The deep cuts in editorial staff at the Daily Record and Sunday Mail are another nail in the coffin of the Scottish indigenous press. Some might not regret this latest blow on purely political grounds, but surely now is the time to stand back from partisan preferences and consider the wider role of journalism in a healthy polity.
The debate over devolution was driven to a large extent by press interest, notably so in the 1990s. The post-devolution decline of print journalism has occasioned only sporadic commentary but it has not gained traction as an issue. It is almost a decade since the Scottish Affairs Committee at Westminster looked into the health of the press, or indeed that a Holyrood committee actually considered the matter. Jim Mather’s Scottish newspaper ‘summit’ in 2009 has left no evident legacy.

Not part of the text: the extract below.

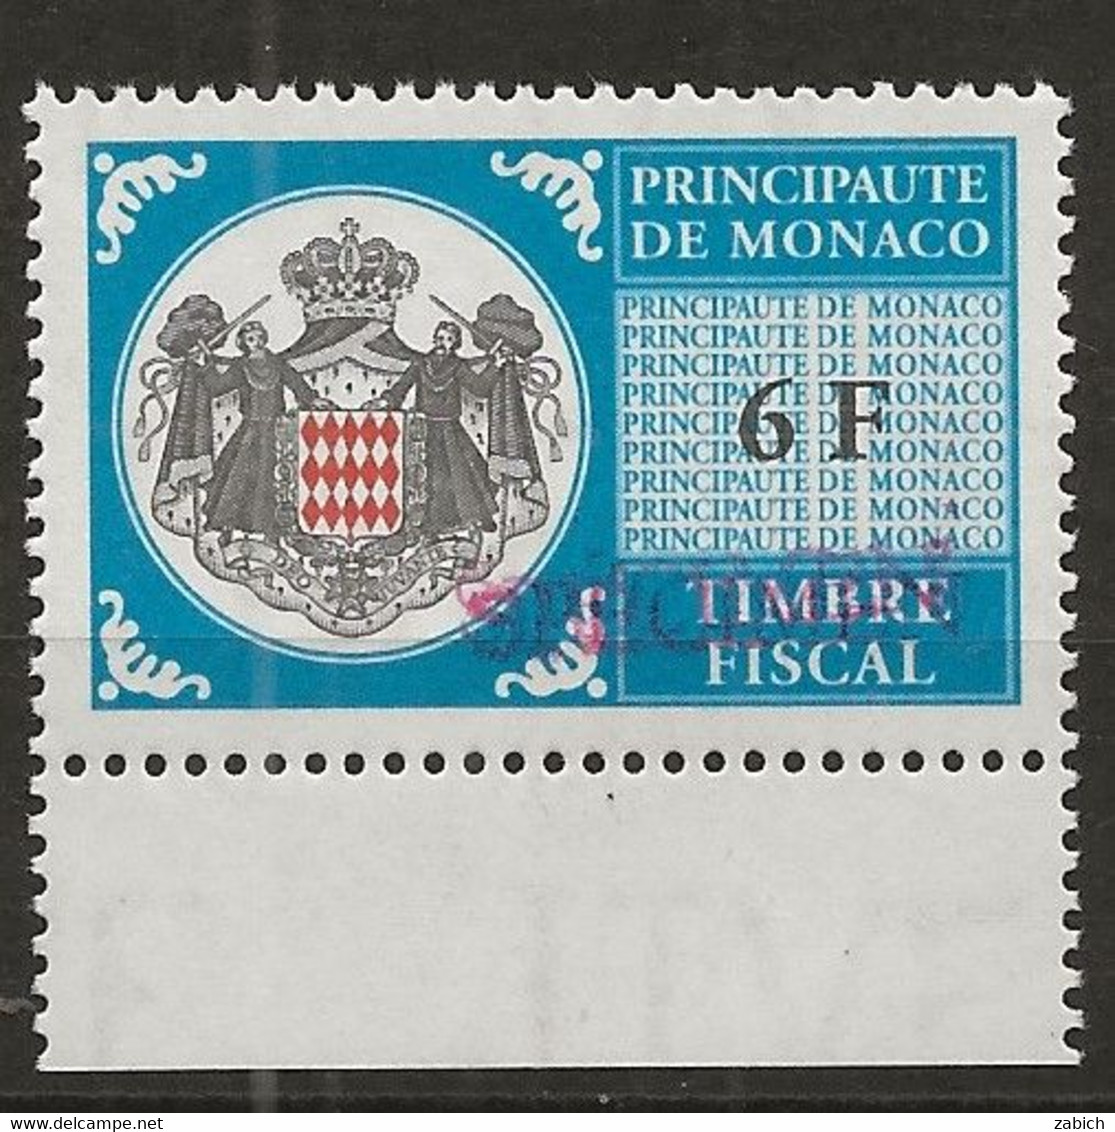 TIMBRES FISCAUX DE MONACO SERIE UNIFIEE N° 101 6F Bleu Rare Surchargé Specimen Neuf Gomme Mnh (**) - Revenue

It seems now to be widely believed that either the press doesn’t matter or that it’s doomed to disappear in the digital age. Perhaps print will be largely displaced by news consumed via mobile devices. That is of little ultimate consequence.
In fact, we need to distinguish between journalism and the vehicle through which it is distributed and consumed. The key issue today is the lack of investment in journalism itself. As Trinity Mirror cuts back further on content that appeals to Scots readers, the national public will further desert papers that have no distinctive value.
But aside from the disinvestment strategies of some London-headquartered businesses, the eye of the political class has collectively been taken off the press since Alex Salmond’s launch of the Scottish Broadcasting Commission in 2007.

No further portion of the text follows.